§ Source data:
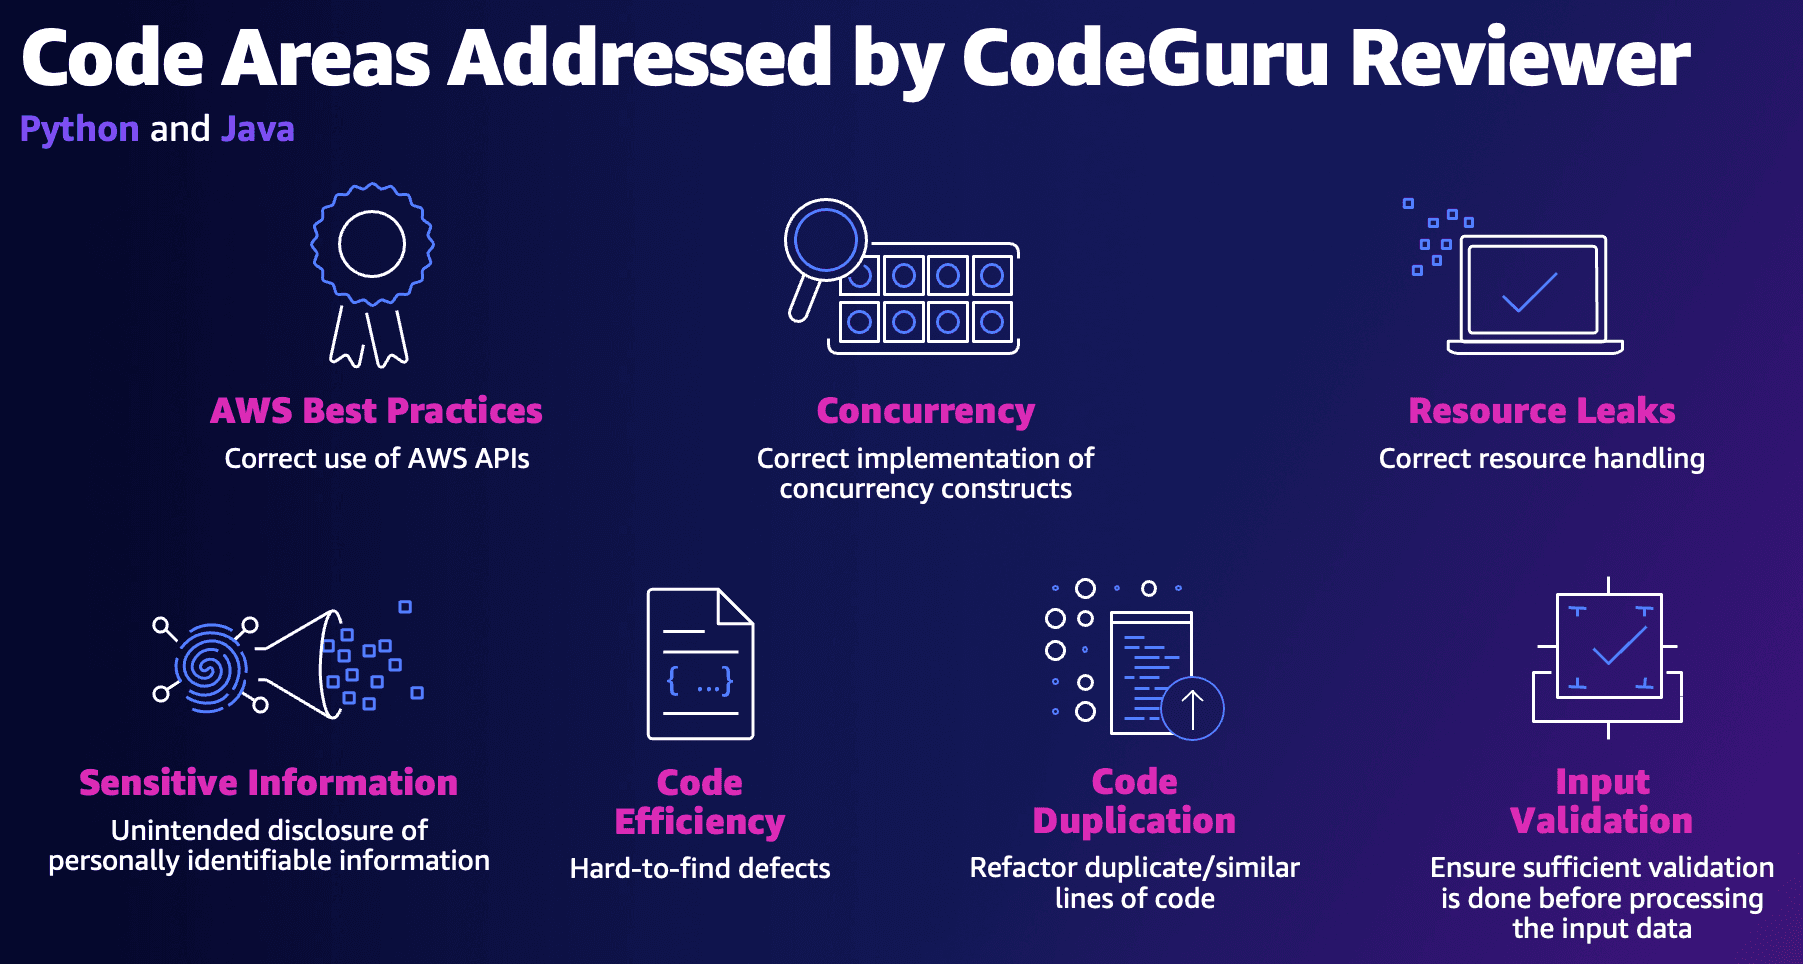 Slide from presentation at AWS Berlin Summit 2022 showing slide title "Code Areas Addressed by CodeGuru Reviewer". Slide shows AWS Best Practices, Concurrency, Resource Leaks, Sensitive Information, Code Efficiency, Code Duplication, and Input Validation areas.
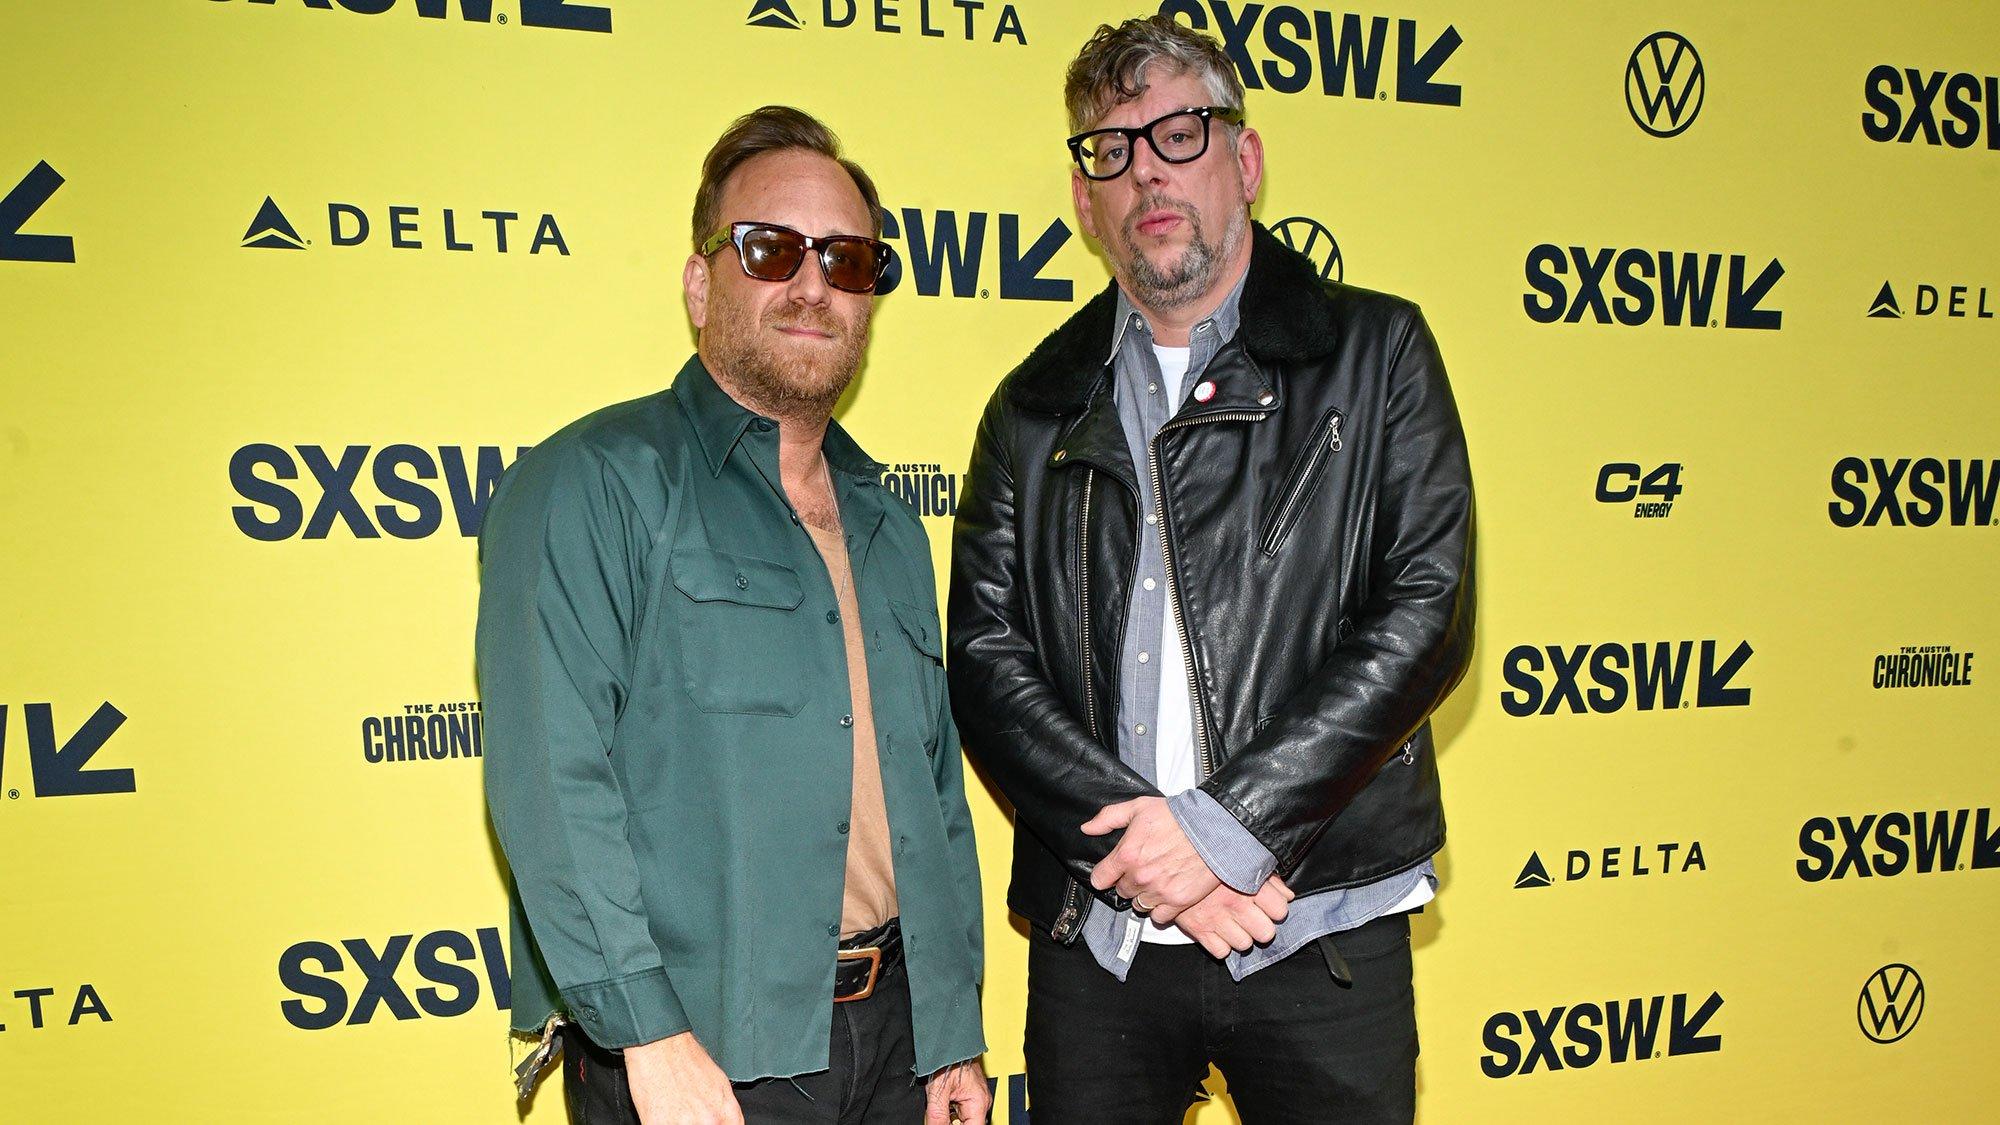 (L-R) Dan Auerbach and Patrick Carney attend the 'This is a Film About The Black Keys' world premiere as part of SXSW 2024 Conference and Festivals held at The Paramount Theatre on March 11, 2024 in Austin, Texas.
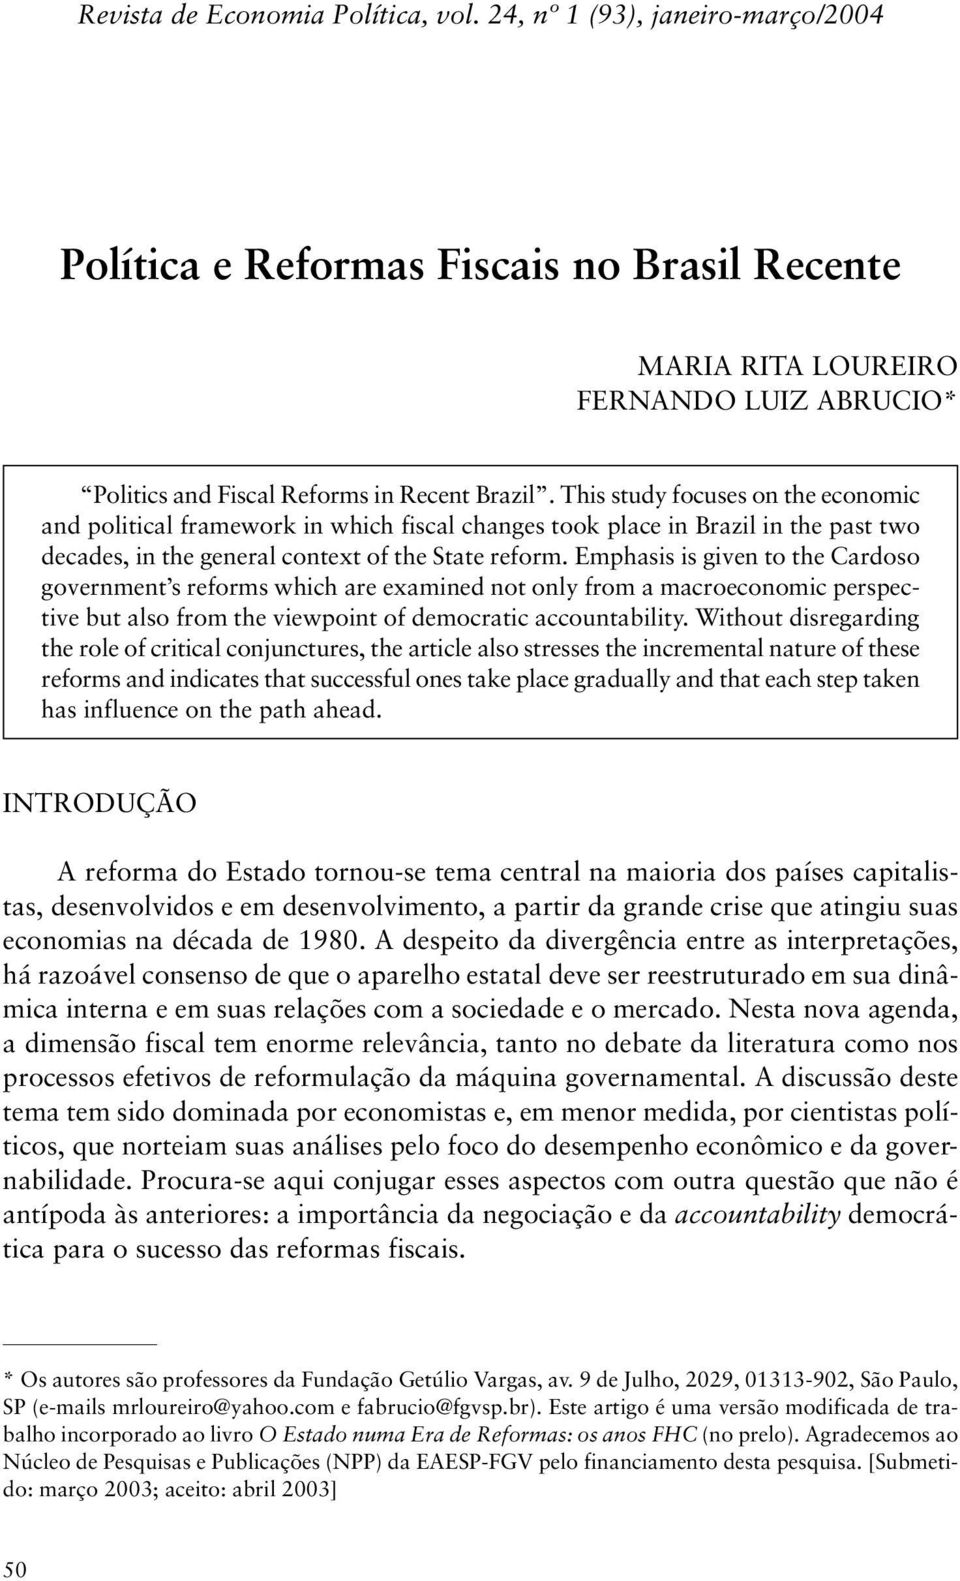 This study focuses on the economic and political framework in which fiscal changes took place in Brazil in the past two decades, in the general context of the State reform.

§ Exercise:
With the images removed, write out all of the material above exactly.

§ Reply:
 Slide from presentation at AWS Berlin Summit 2022 showing slide title "Code Areas Addressed by CodeGuru Reviewer". Slide shows AWS Best Practices, Concurrency, Resource Leaks, Sensitive Information, Code Efficiency, Code Duplication, and Input Validation areas.
 (L-R) Dan Auerbach and Patrick Carney attend the 'This is a Film About The Black Keys' world premiere as part of SXSW 2024 Conference and Festivals held at The Paramount Theatre on March 11, 2024 in Austin, Texas.
 This study focuses on the economic and political framework in which fiscal changes took place in Brazil in the past two decades, in the general context of the State reform.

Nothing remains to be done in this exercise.